RBJ: Can you talk about growth plans for the public safety side of the business?

Mehnert: The public safety side of the business was hit pretty hard at the onset of COVID-19, with municipalities taking the focus off of modernizing their communications systems. That said, there are still needs there and the (segment) has come back and we are now in a growth position in that market.

We were awarded a 15-year, $451 million contract from the State of Florida last year to maintain and upgrade the state’s law enforcement radio systems.

We have also worked with the National Fire Protection Association to develop a radio that can withstand extreme heat. The products are designed and produced in Rochester.

RBJ: What about growth on the tactical communications side of the business?

Mehnert: We are a world leader in that market and was recently awarded a $750 million contract from the U.S. Marine Corp. for our multi-channel handheld and vehicular radio systems. The same equipment has long been used by the U.S. Army and Air Force.

We have worked with the Ukraine Ministry of Defence since 2012 and are in daily contact to support the special forces there the best we can.

RBJ: How are you addressing the growing challenges related to cybersecurity?

Mehnert: Cyber presents challenges and opportunities. First off, we have to protect our networks and provide the highest level of security. There are sophisticated threats from adversaries. We need to have the most capable devices in the field. We need to have radios that are able to address those threats well into the future.

RBJ: What are the benefits of having business operations in Rochester?

Mehnert: Rochester is a hub for technology and innovation. It starts with the great universities we have here. We employ more engineers from Rochester Institute of Technology than anyone in the area. We also have many employees from the University of Rochester. The academic community is an asset.

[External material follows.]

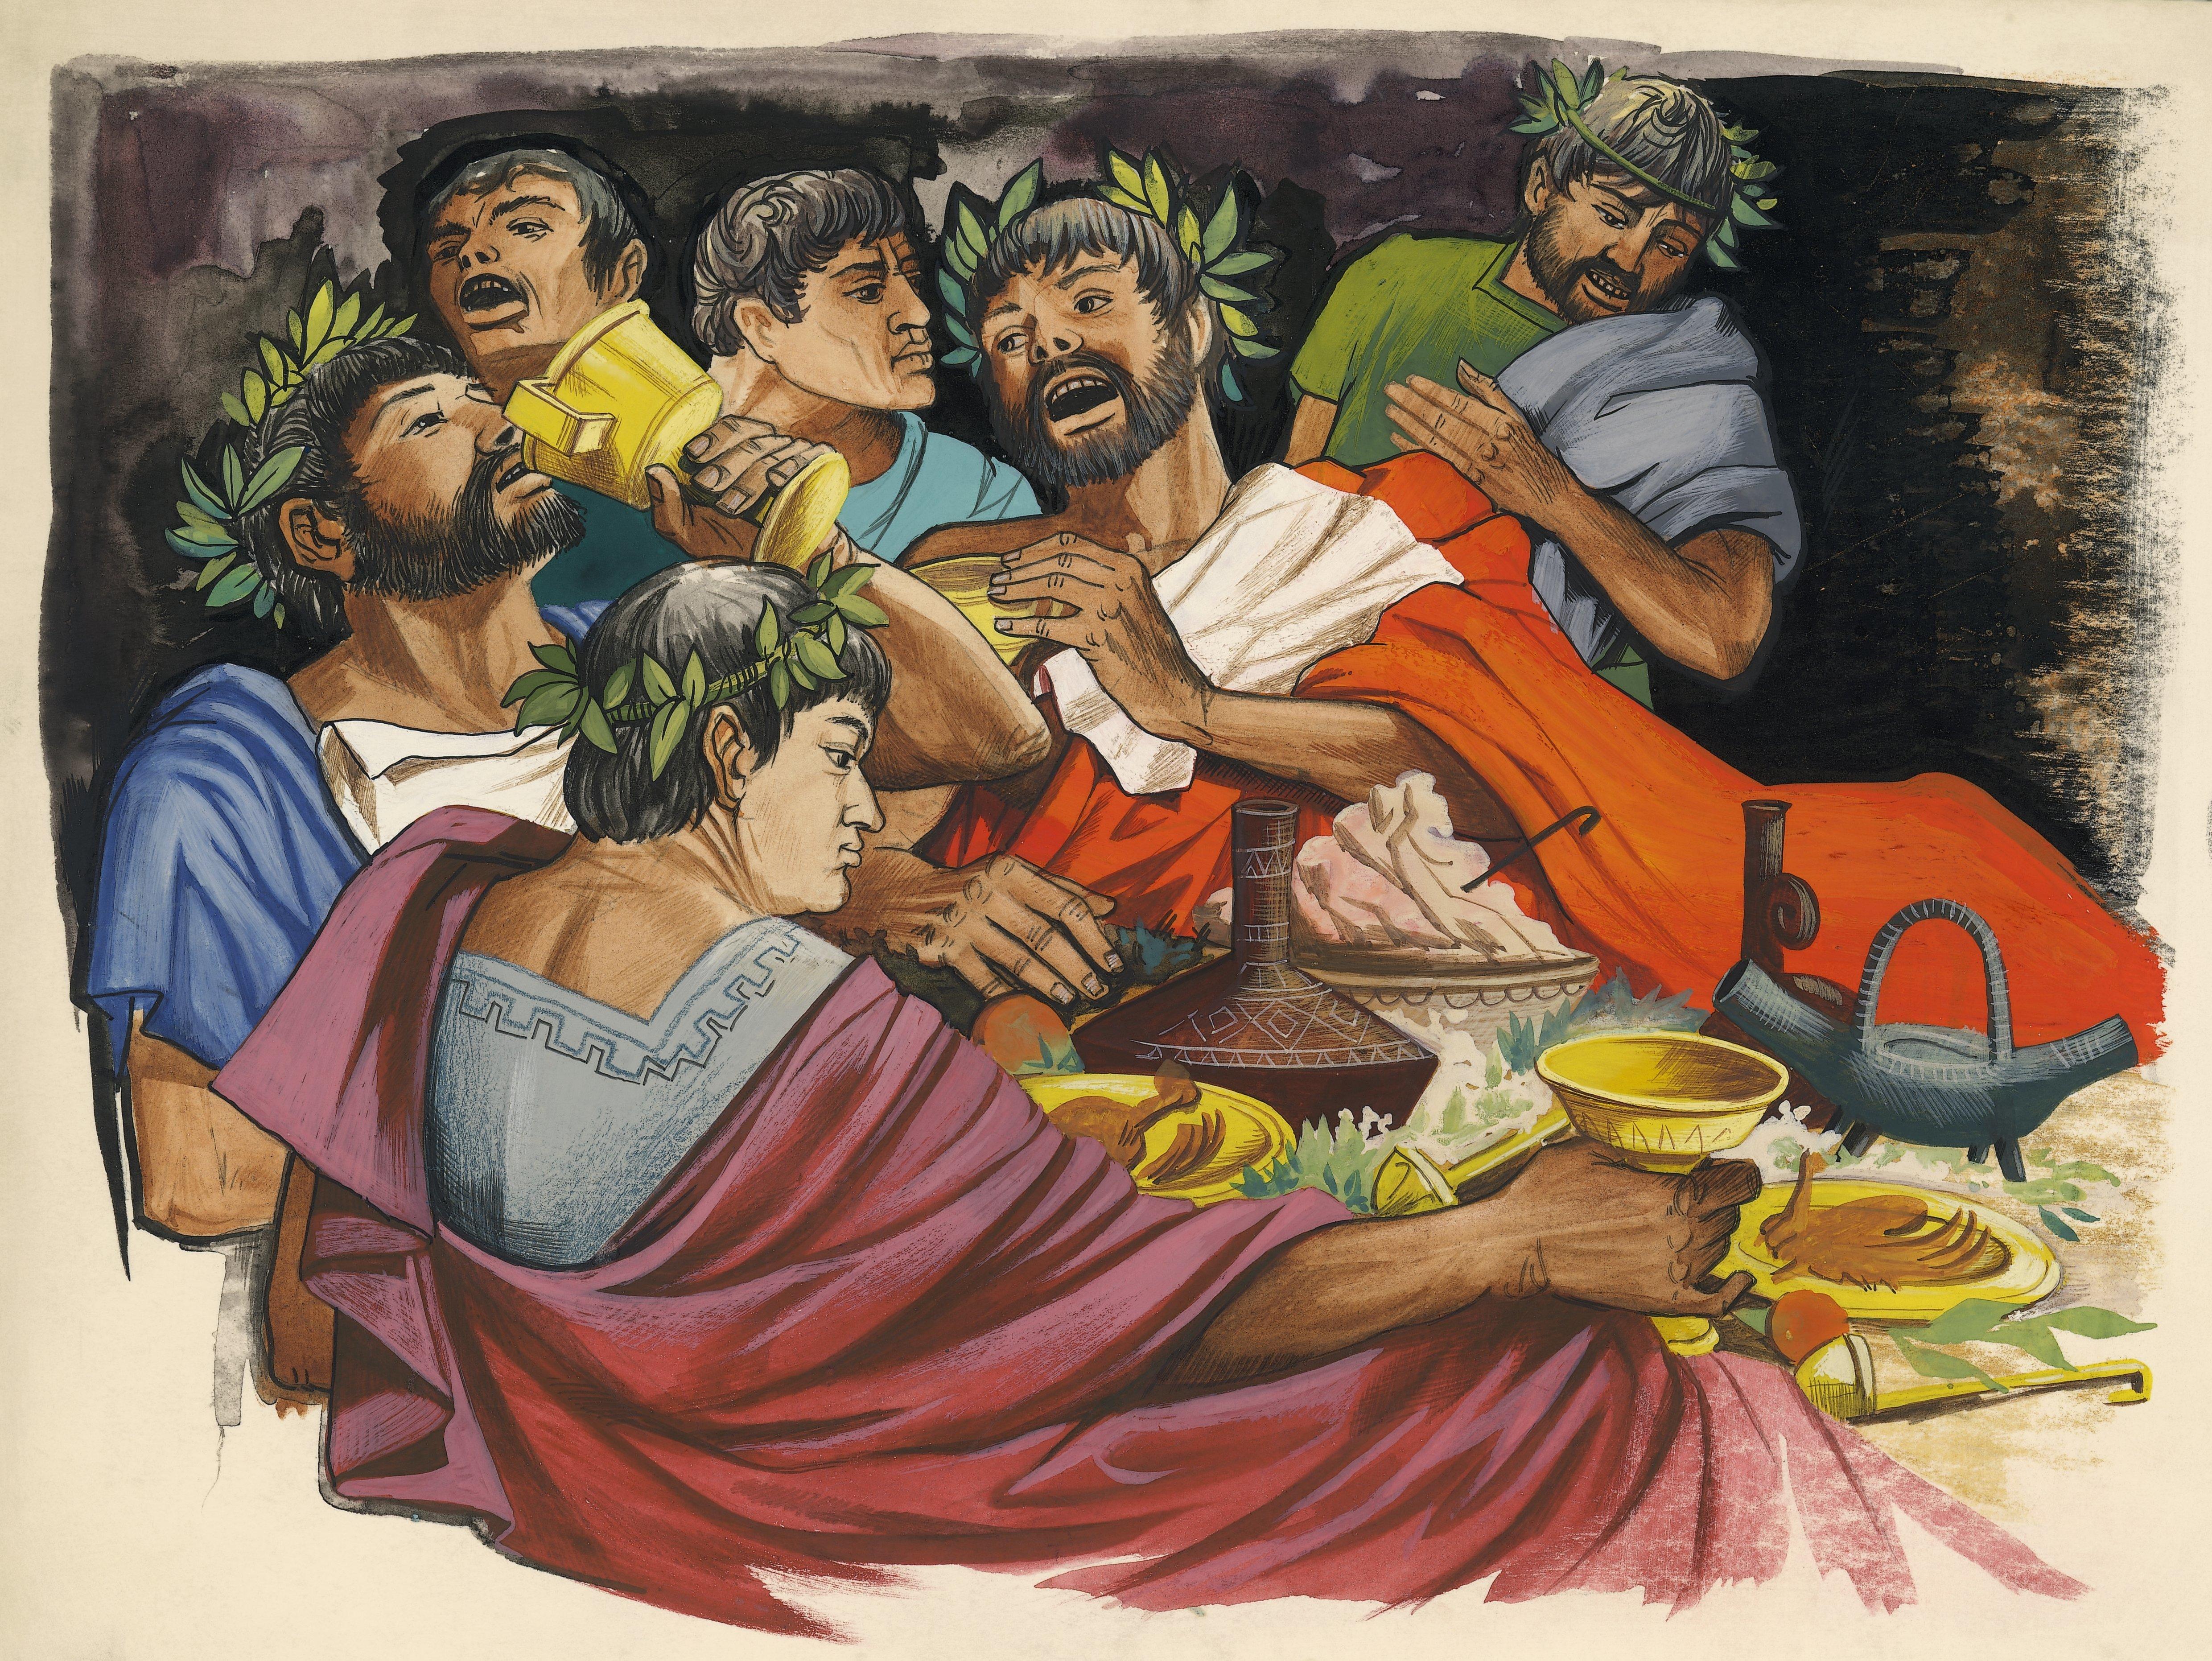 Τι τρώγαν οι αρχαίοι;

There is a lot of innovative spirit here.

We also have great support from government at all levels, including representatives from local, state and federal levels of government. (Greater Rochester Chamber of Commerce president and CEO) Bob Duffy is one of the best promoters of this region.

We also work to support the region. The company reinvests more than half a billion dollars back into the community, through payroll and to our suppliers. We have great local suppliers.

Even though we have been here since 1960, I feel we are often overlooked. We are a global company that is committed to the region and I’m very proud of the work we do here.

The business is built on a strong foundation of local entrepreneurship and that goes into our thinking when it comes to products and innovation. It’s in our DNA.